▸ **Material provided**
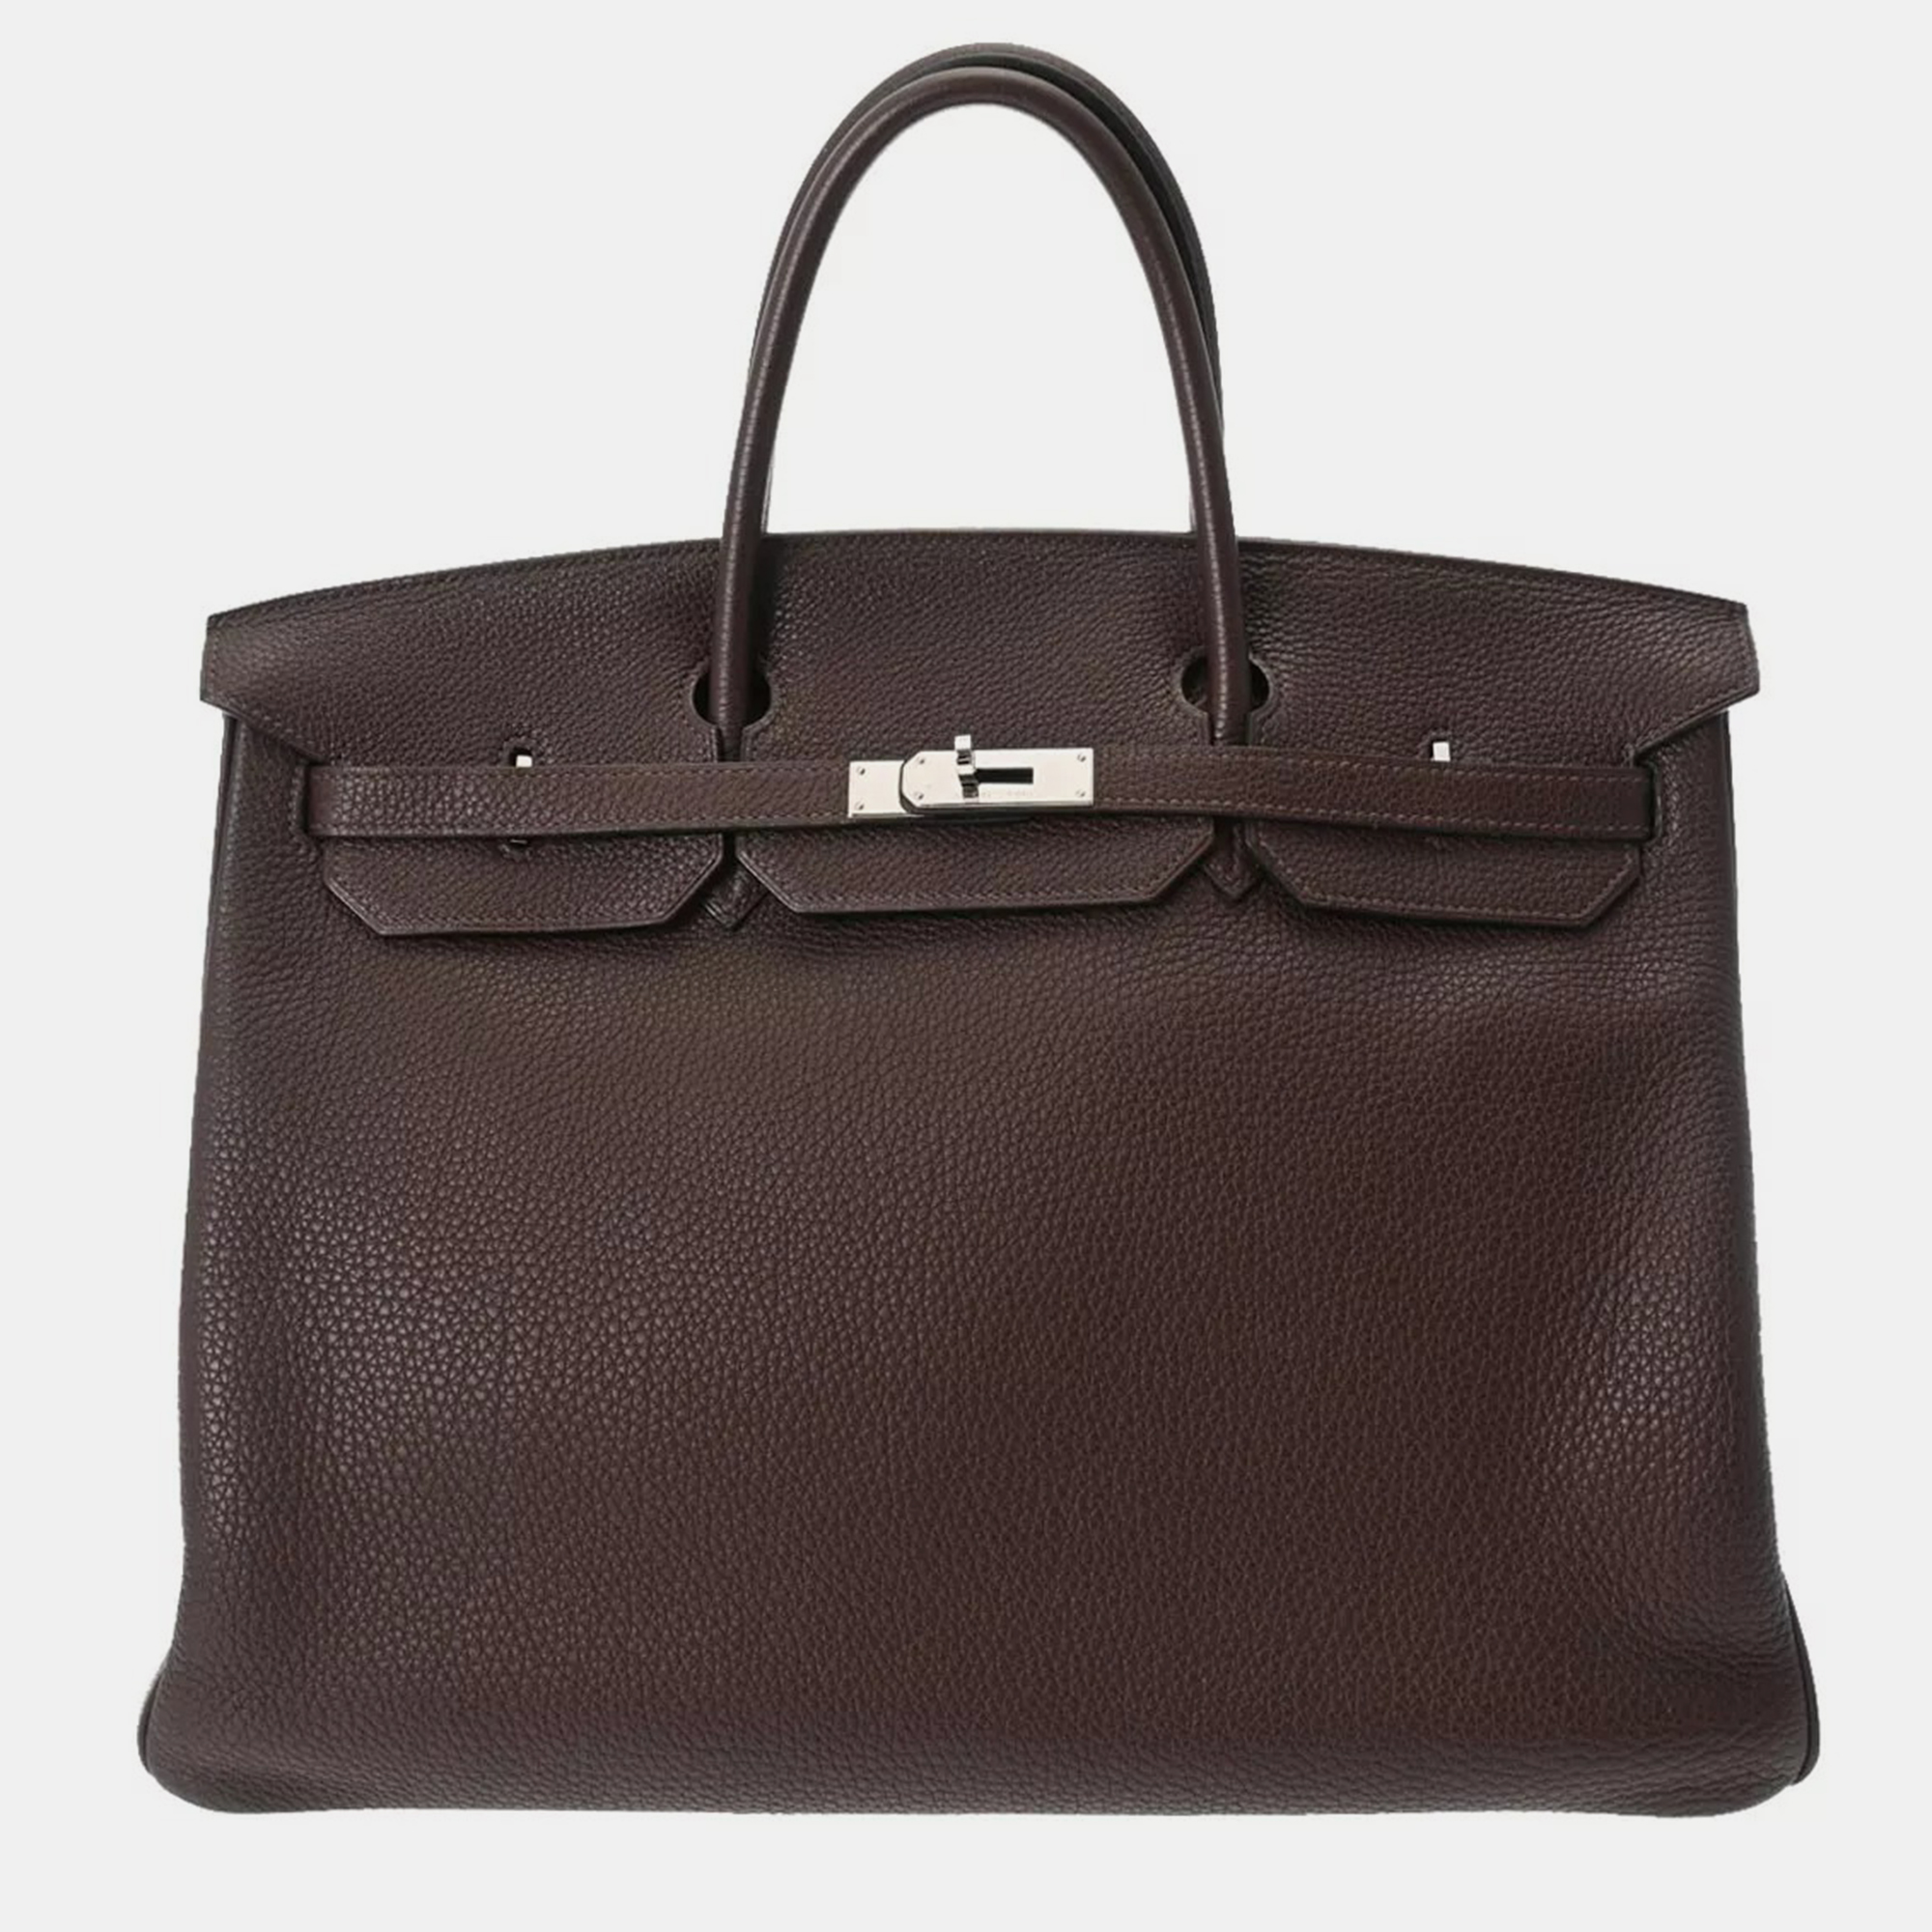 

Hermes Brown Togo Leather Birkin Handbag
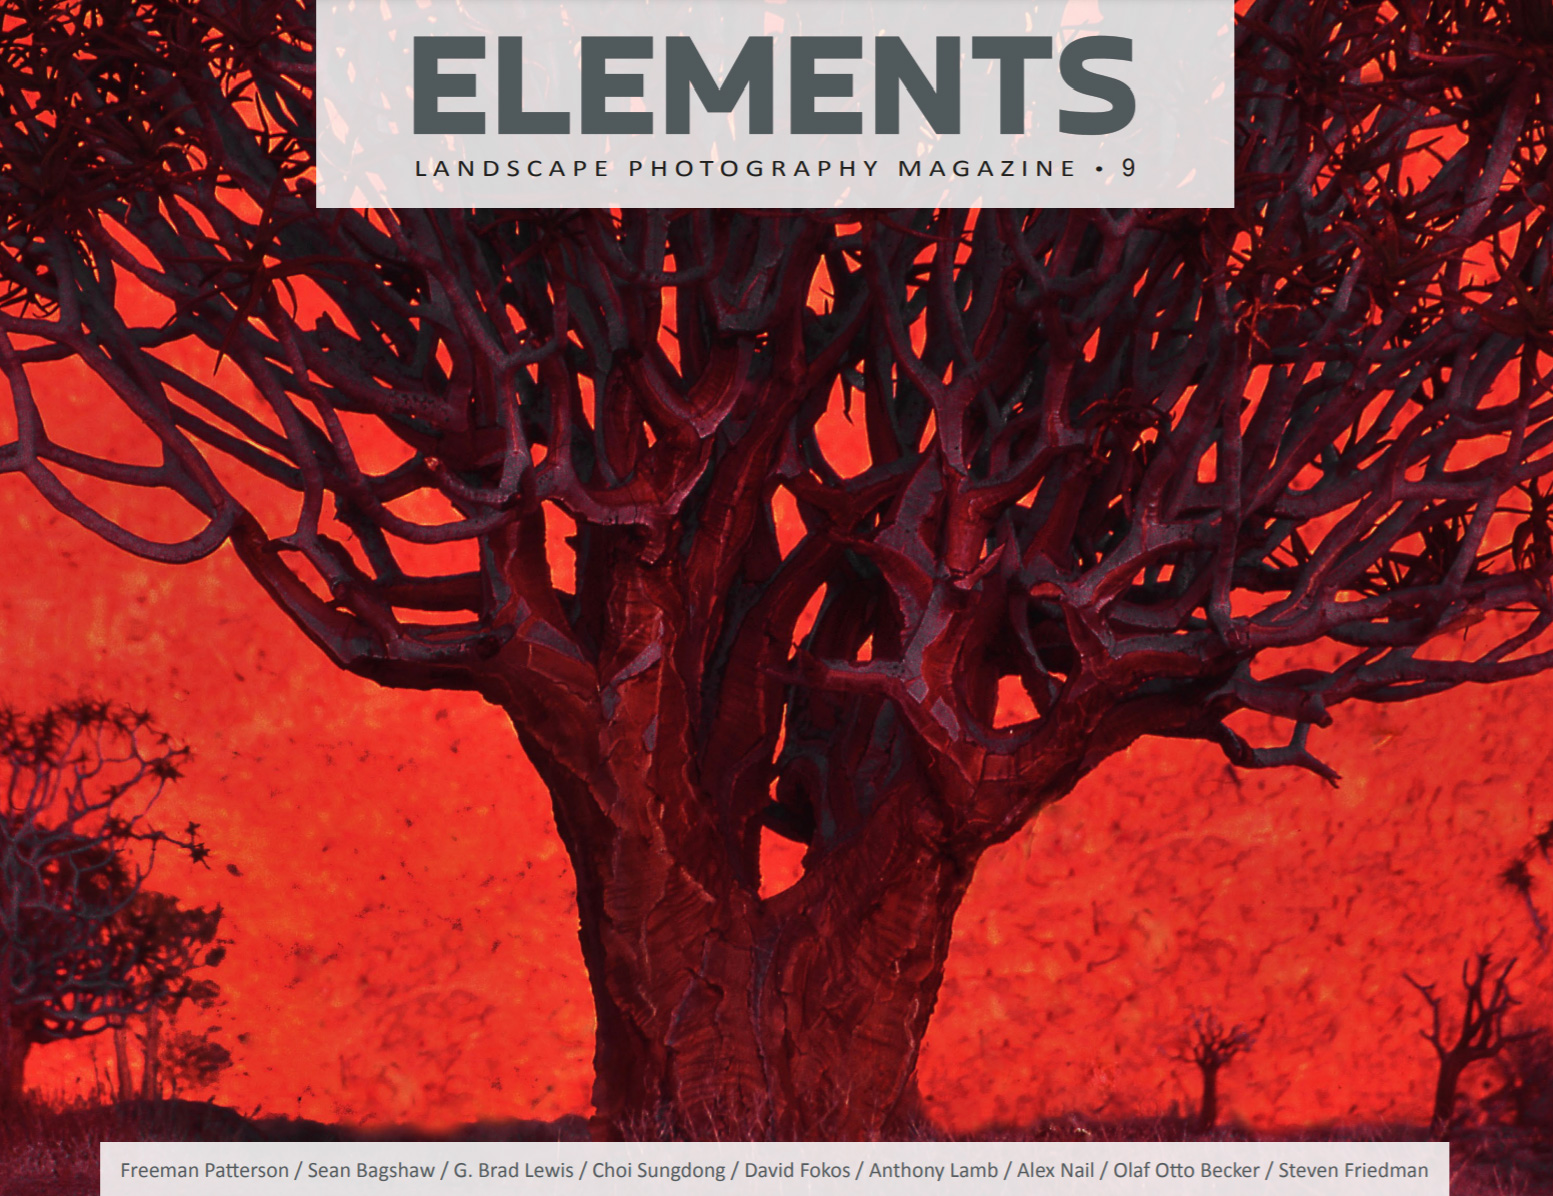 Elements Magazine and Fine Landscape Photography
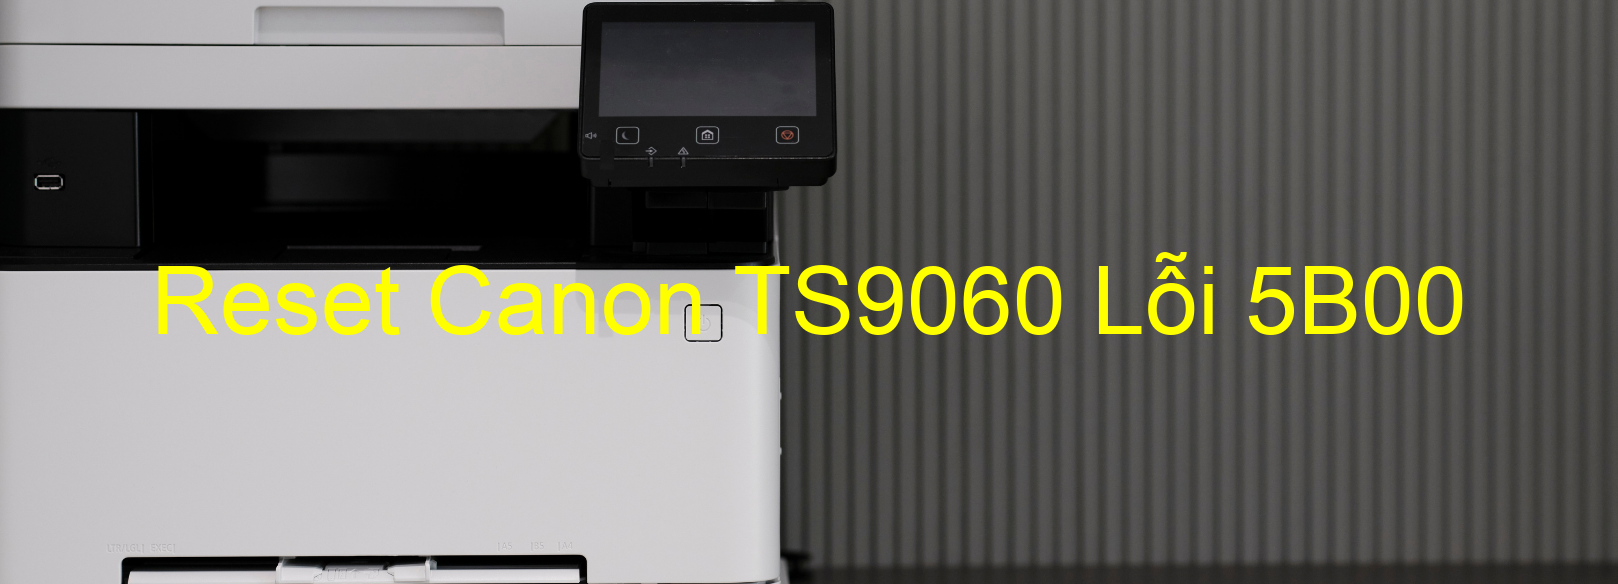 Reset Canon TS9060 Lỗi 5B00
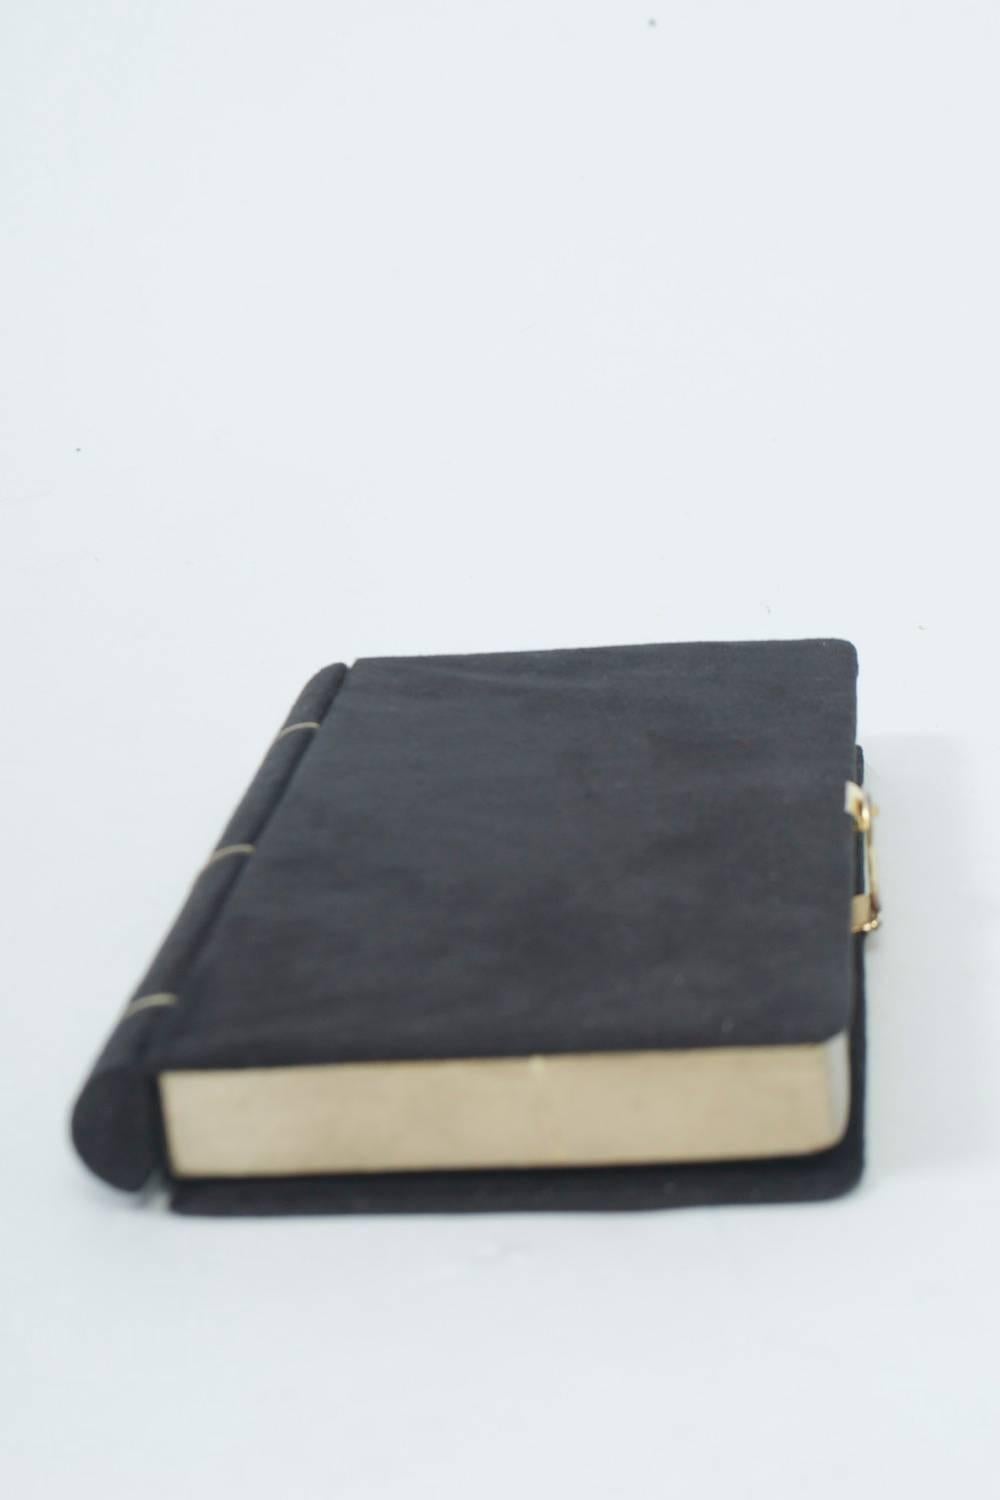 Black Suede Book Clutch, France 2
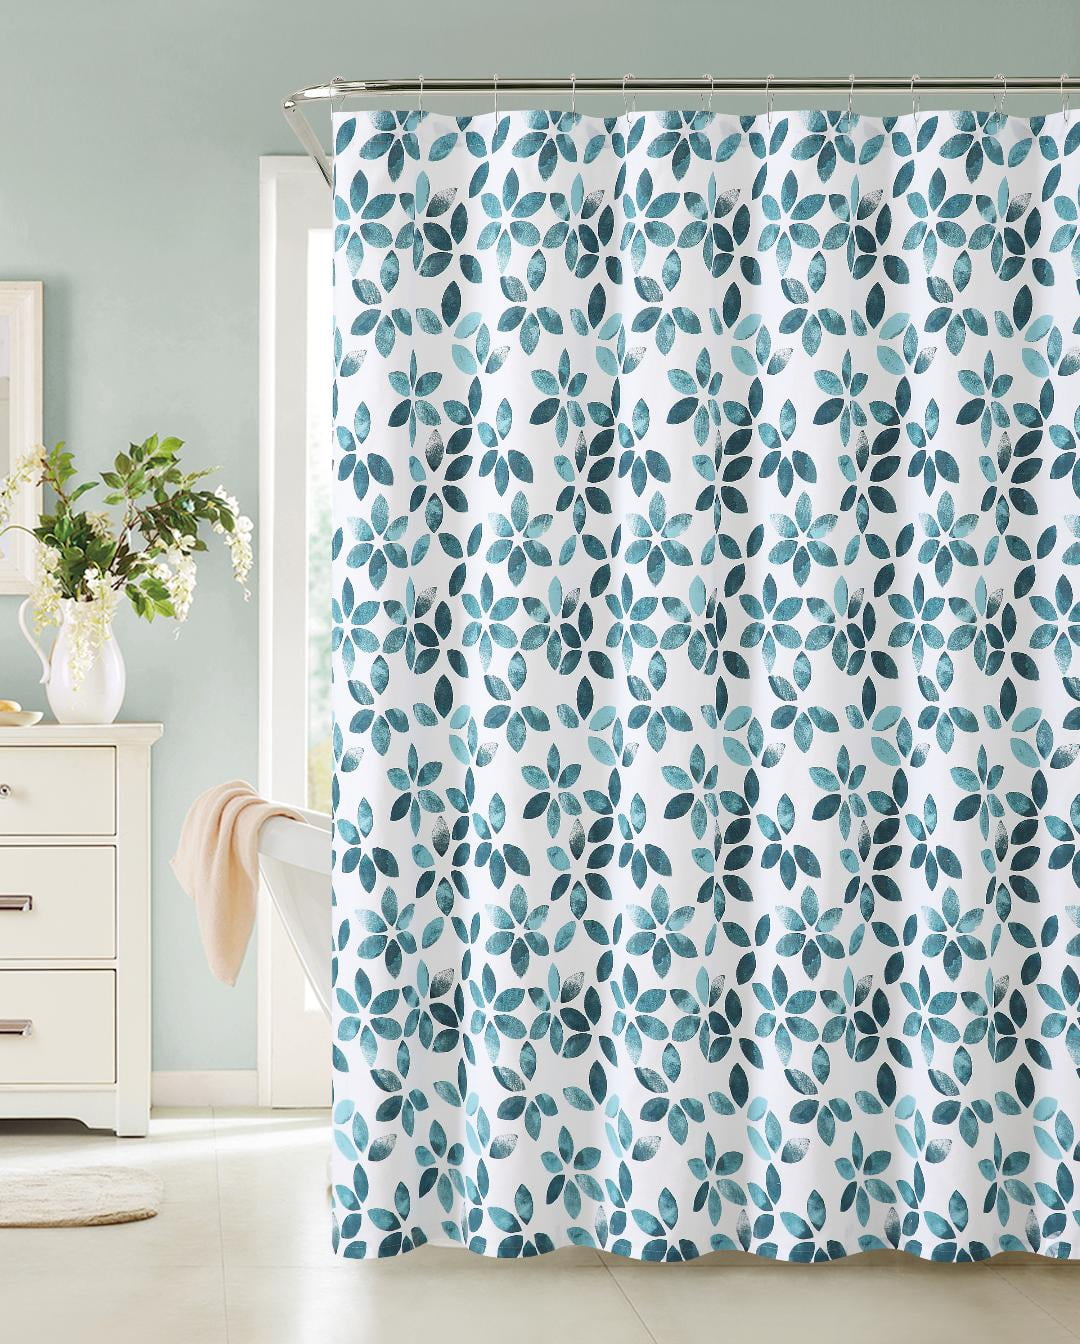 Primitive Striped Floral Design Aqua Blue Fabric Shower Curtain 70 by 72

▸ **Work instructions**
With the pictures left out, copy exactly the lines from the one containing "Reset Canon TS9060 Lỗi 5B00" through the final line of the records above, both included.

▸ **Reply**
 Reset Canon TS9060 Lỗi 5B00
 Black Suede Book Clutch, France 2
 Primitive Striped Floral Design Aqua Blue Fabric Shower Curtain 70 by 72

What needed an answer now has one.